Peter McCormack: Is this a very similar problem to the Aboriginals in Australia, and I think there's an issue in New Zealand, I'm pretty sure New Zealand as well.
Bret Weinstein: Yes, it's the same problem and it's the same process. It has to do with taking one of the essential features of being human, and disrupting it for narrow purposes, or disrupting it out of sheer ignorance of how a human being functions, and then never figuring out how to restore it. Which isn't to say that we don't have many successful and highly insightful blacks, it's not that you can't acquire the software, but the point is at the population level, the stuff that allow the best software to be acquired, is known to be broken.
If you live in a neighbourhood that has a history of oppression, what are the chances you have an excellent school? Chances are close to zero. So anyway, it's not like this is such a hard problem to solve, but it is one that you have to focus on with a systems approach, rather than leaping to the conclusion that if a population isn't succeeding it's because secretly people believe things about them.
Peter McCormack: So this is a problem of inequality, historical inequality, which predominantly affects these two groups, and the resulting inequality of what you spoke about.

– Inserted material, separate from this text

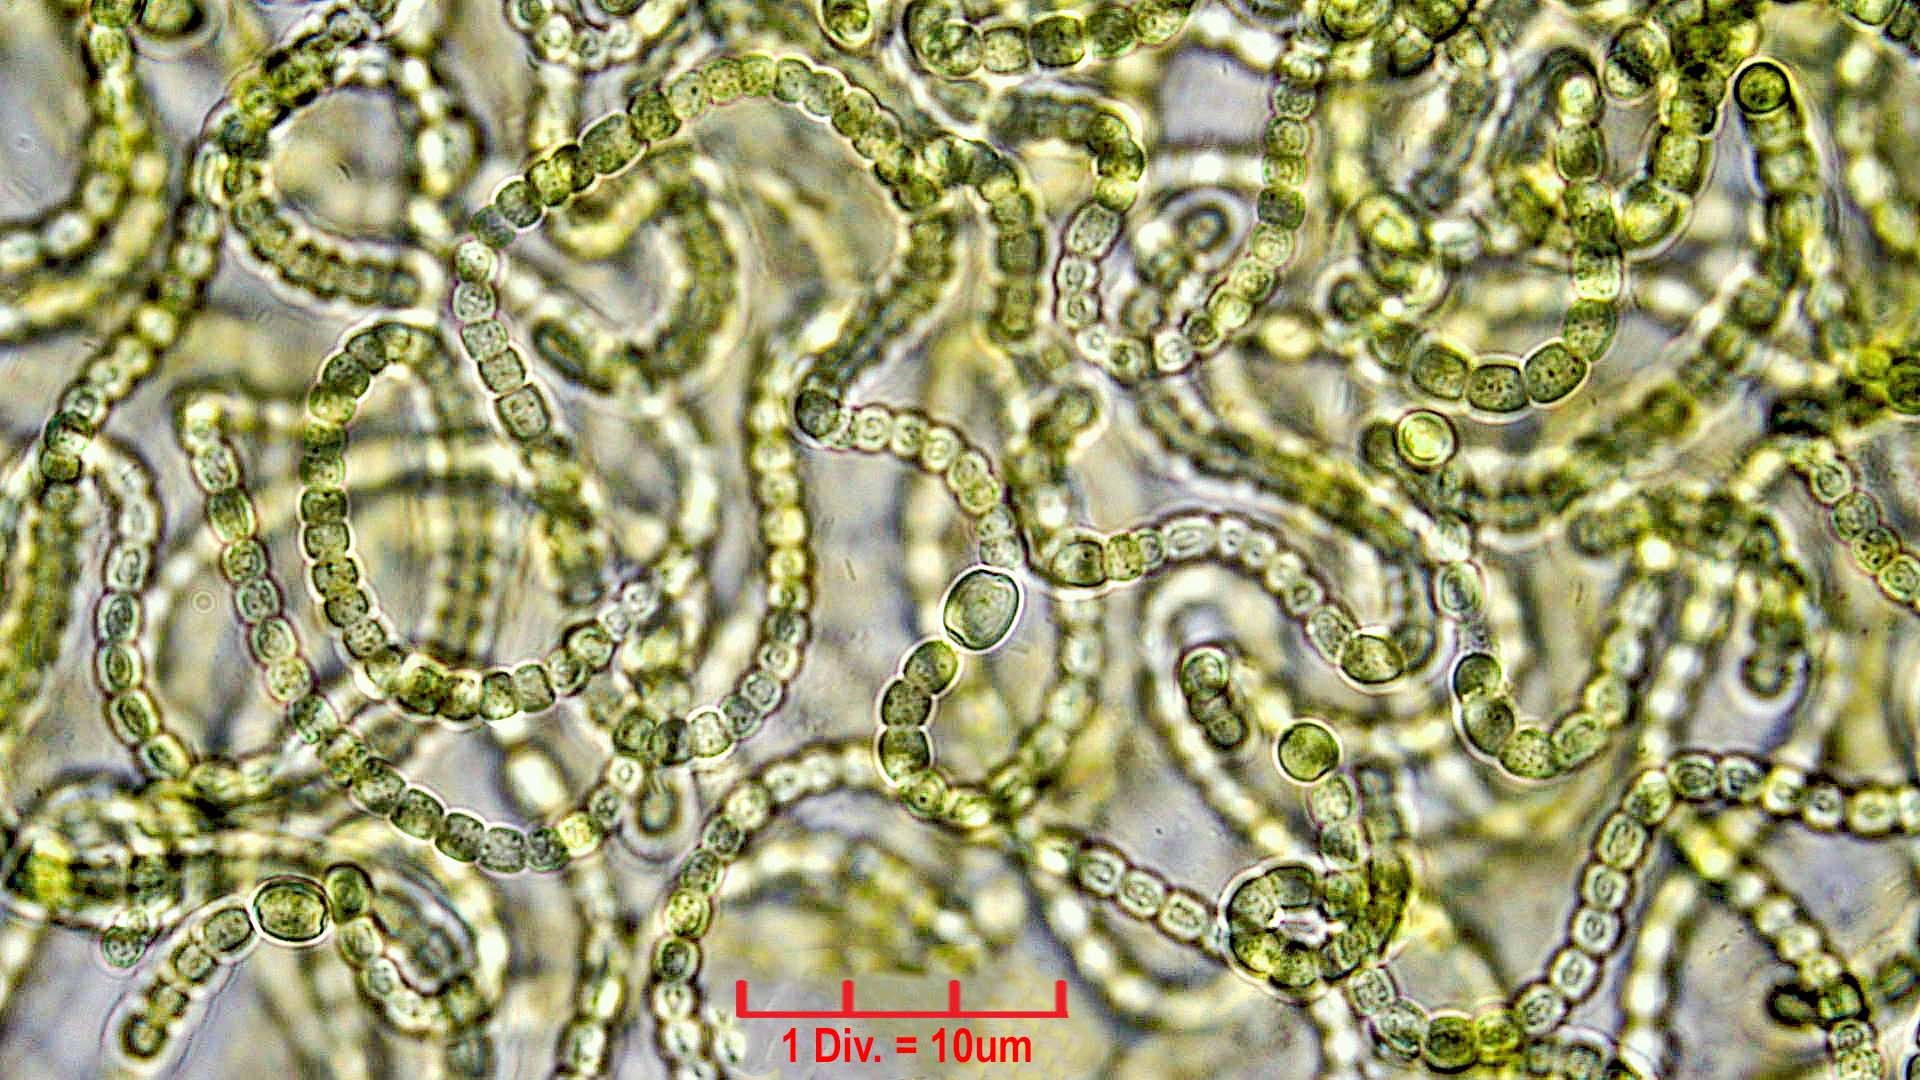 ./Cyanobacteria/Nostocales/Nostocaceae/Nostoc/verrucosum/nostoc-verrucosum-610.jpg

Bret Weinstein: So you know the cybernetic principle? The purpose of a system is what it does.
Peter McCormack: Yeah.
Bret Weinstein: The purpose of our system is the concentration and amplification of existing systems of distribution of wellbeing. So to the extent that a population has been frozen out of wellbeing, and in the past these two populations were obviously frozen out of wellbeing for well understood reasons. To the extent that you never correct that, then that pattern just simply gets picked up by this status quo reproducing algorithm that is running inside our governance structure, and it will continue on indefinitely until you confront it.
So I think that's where we are. The tragedy here is that people who are frustrated by being frozen out, and all sorts of people are frustrated by being frozen out, it's not primarily even a racial issue, you've got an entire generation of millennials that are discovering that somehow they're going to be saddled with debt and they're not going to be able to afford homes. The idea of supporting a family is becoming preposterous and they're in open revolt.
So I think their anger is understandable, it's just a question of how good the diagnosis is, and how useful the policies that are being advocated would be. The fact is, the diagnosis is terrible, and the prescriptions that are being offered by this protest movement are even worse. They would be the un-invention of America, and they would be a challenge to western civilization.
Peter McCormack: But the certain lack of leadership that you talked about, and sadly actually, the rejection of ideas from people who are on their side. Like for example, you're obviously on the side of a solution, you would like to help fix these historical issues, but you're seen as the enemy because of the narrative you're bringing, which possibly is a little bit too much truth for some people to handle.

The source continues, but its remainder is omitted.